= Pied Pumkin =

The Pied Pumkin was a band formed in 1973 in Vancouver, British Columbia, Canada, with Rick Scott on dulcimer and vocals, Joe Mock on guitar and vocals, and Shari Ulrich on violin, alto sax, flute, and vocals.

The Kootenays were the Pumkin hotbed. The band formed the label Squash Records to release their albums after collecting $5 each from fans to finance the first album, Pied Pumkin String Ensemble, recorded live at the Simon Fraser University Pub and released in 1975. Their second release Allah Mode, was released in 1976 and included Mock's song "A Fear of Flying".

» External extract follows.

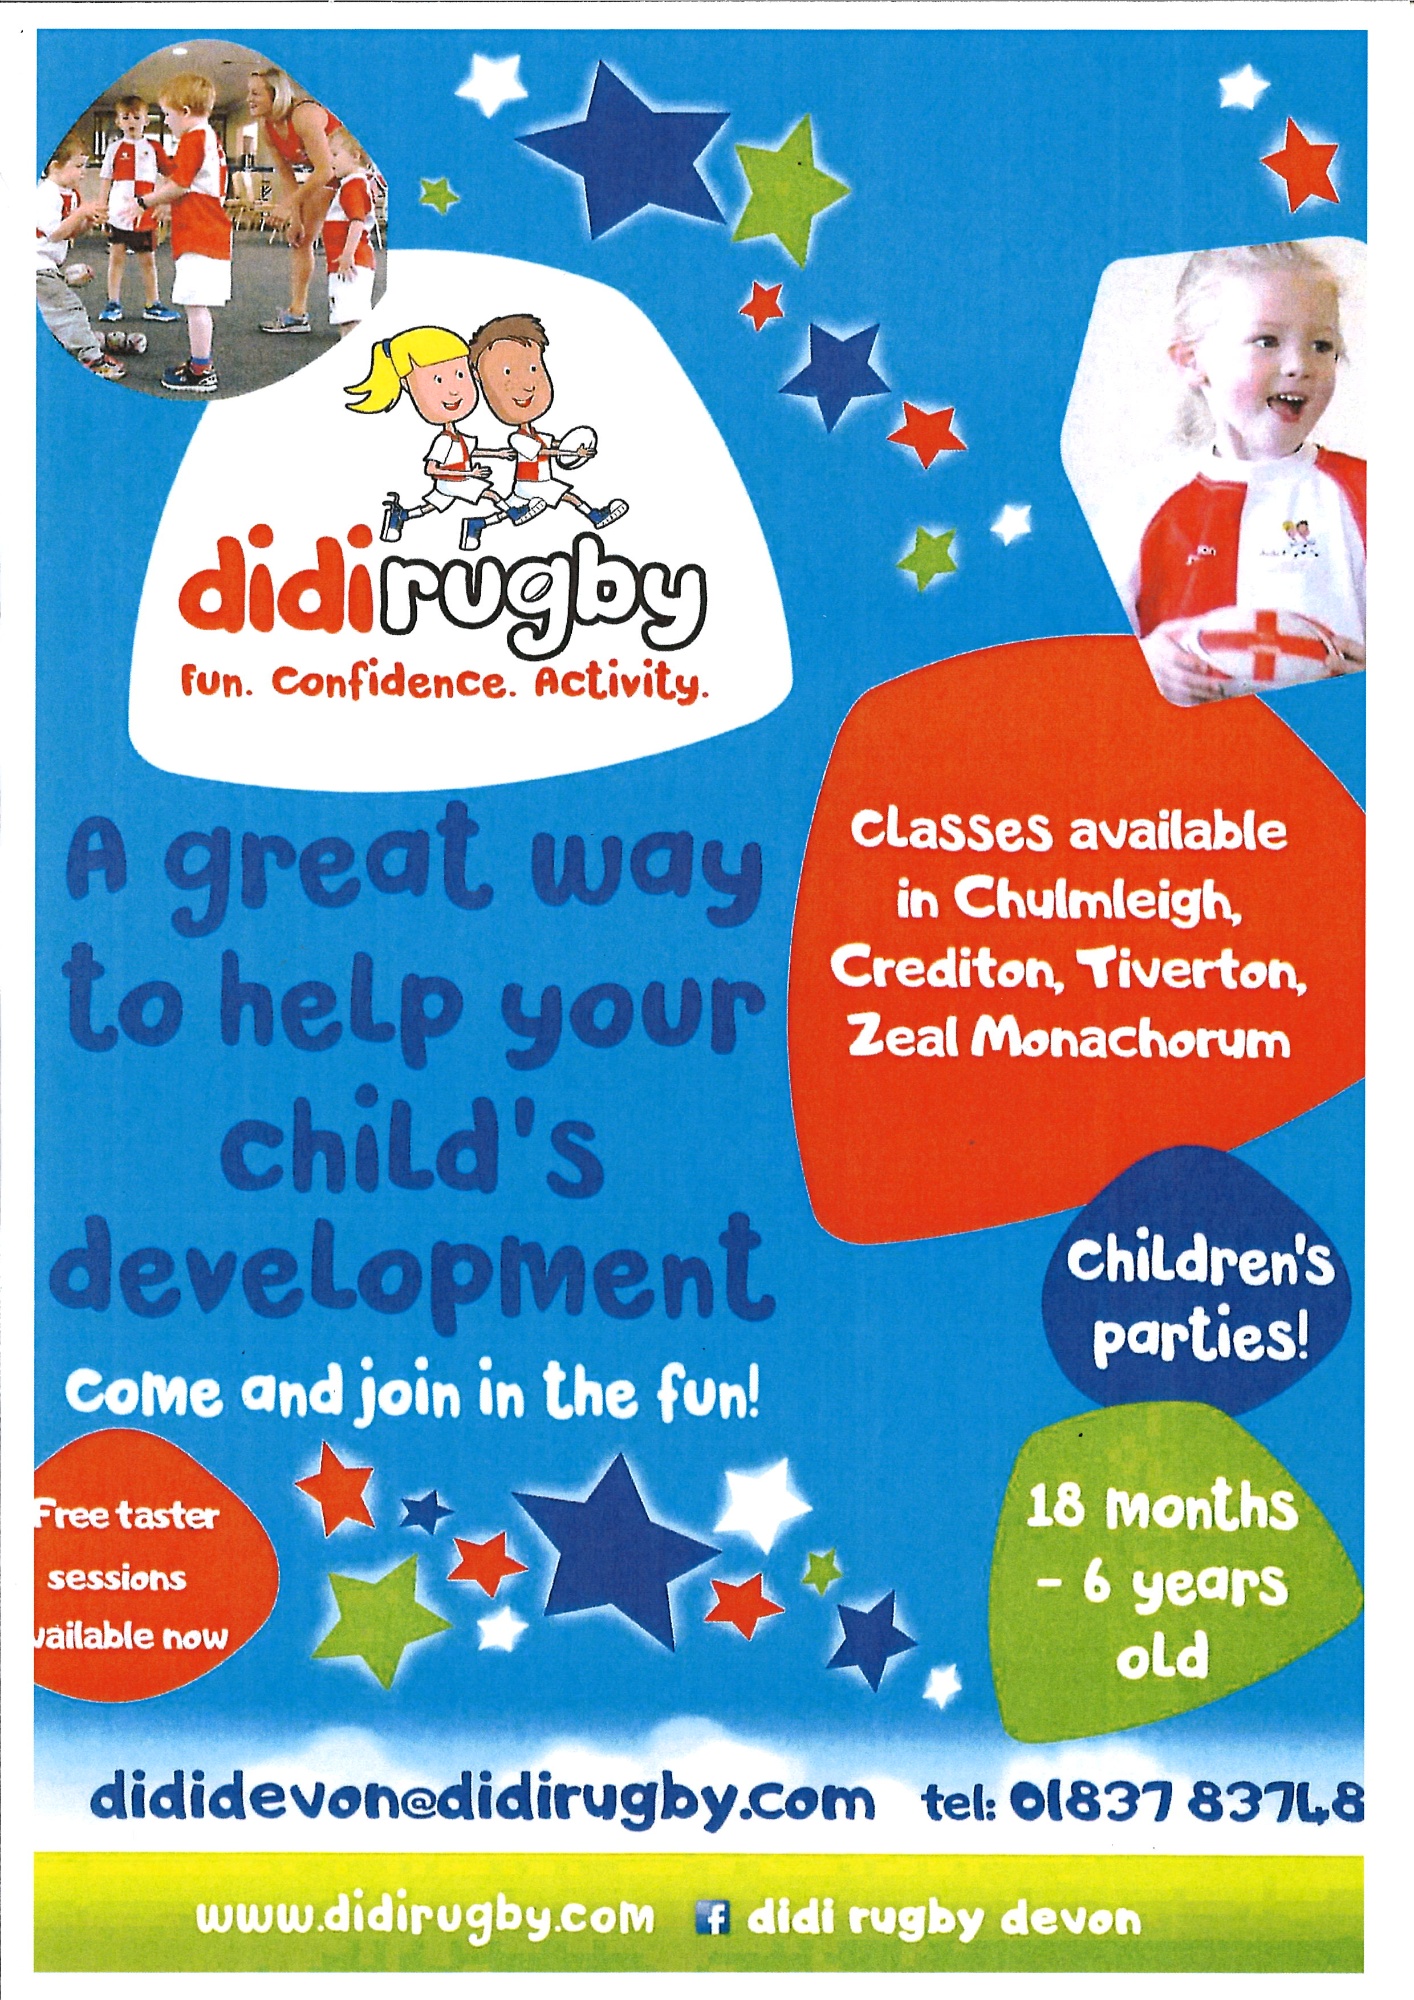 Didi Rugby. A great way to help your child's development. Class available in Chulmleigh, Crediton, Tiverton, Zeal Monachorum. 01837 83748

Ulrich left the band in 1976 to join folk artist Valdy's band, which was then signed to a recording contract with A&M Records under the name The Hometown Band. "A Fear of Flying"—renamed "Flying" to avoid confusion with Erica Jong's best-selling book—became The Hometown Band's first single and the title song of their first album, released in 1976.

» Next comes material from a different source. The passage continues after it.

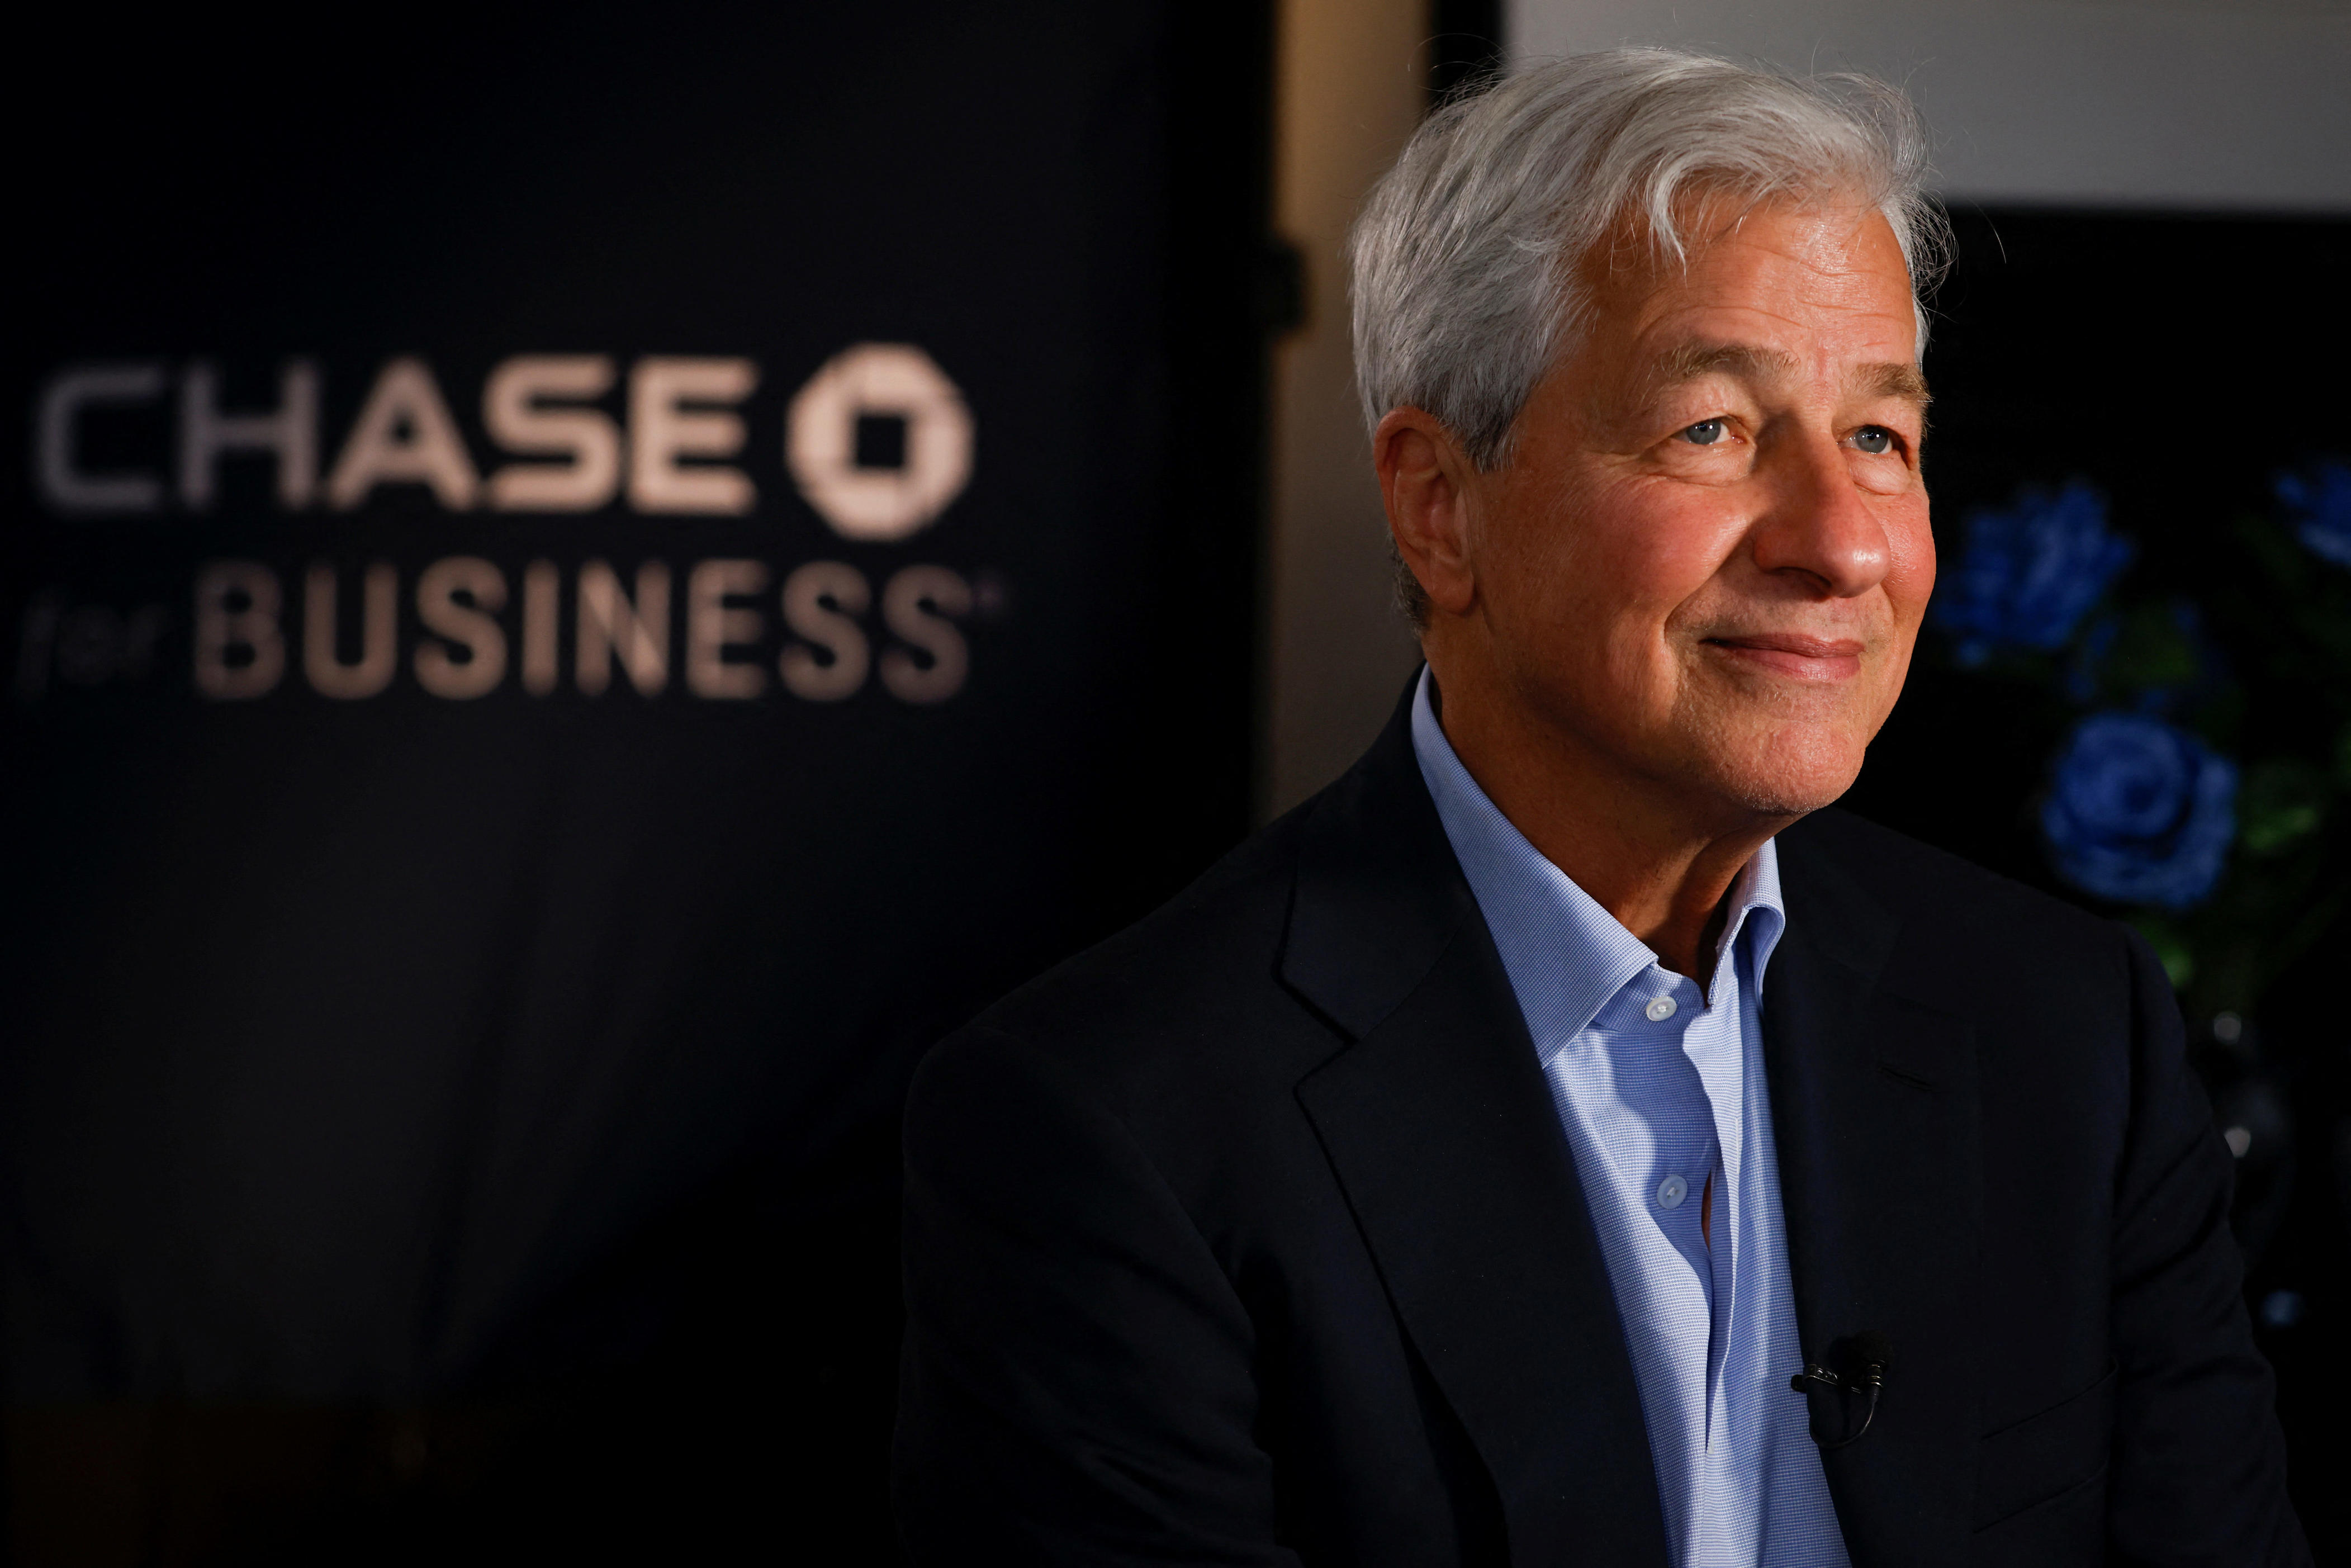 <p>JPMorgan announced this week that it is slashing 500 roles, <a href="https://www.cnbc.com/2023/05/26/job-cuts-jpmorgan-chase-cut-about-500-tech-and-ops-jobs-.html">CNBC reported.</a></p><p>The cuts are expected to spread across JPMorgan's retail and commercial banking, asset and wealth management, and corporate and investment banking operations, according to CNBC.</p><p>The reported layoffs come just a day after <a href="https://www.businessinsider.com/jpmorgan-lays-off-first-republic-employees-1000-workers-2023-5">reports</a> that JPMorgan laid off 1,000 First Republic employees, or about 15% of its workforce. JPMorgan, the largest bank in the US, got even larger earlier this month <a href="https://www.businessinsider.com/first-republic-bank-taken-jpmorgan-fdic-fails-find-buyer-2023-5">when it acquired the assets</a> of failing First Republic after it was seized by regulators.</p>

Scott and Mock continued touring and recording as the Pied Pear for another eight years. All three original members of the Pied Pumkin reunited in 1998 for a tour and the release of the album Plucking DeVine. The live album Pied Alive followed in 2000. The band released a children's album, Pied Pumkids, in 2007, and won the Canadian Folk Music Award for Children's Album of the Year at the 3rd Canadian Folk Music Awards.

Mock lives in France and returns to Canada on occasion for performances with the Pied Pumkin or Pied Pear. Scott has recorded several popular albums for children, while Ulrich has had a lengthy solo career, as well as projects with "BTU" (with Barney Bentall & Tom Taylor, The High Bar Gang (with Barney Bentall), "The Luckies" (with Jeanne Tolmie & Hilary Grist); and shows with "The Unfaithful Servants". She has produced and hosted Bluebird North/SongBird North for the Songwriters Association of Canada) since 1997.

Scott died on 1 August 2025 at the age of 77.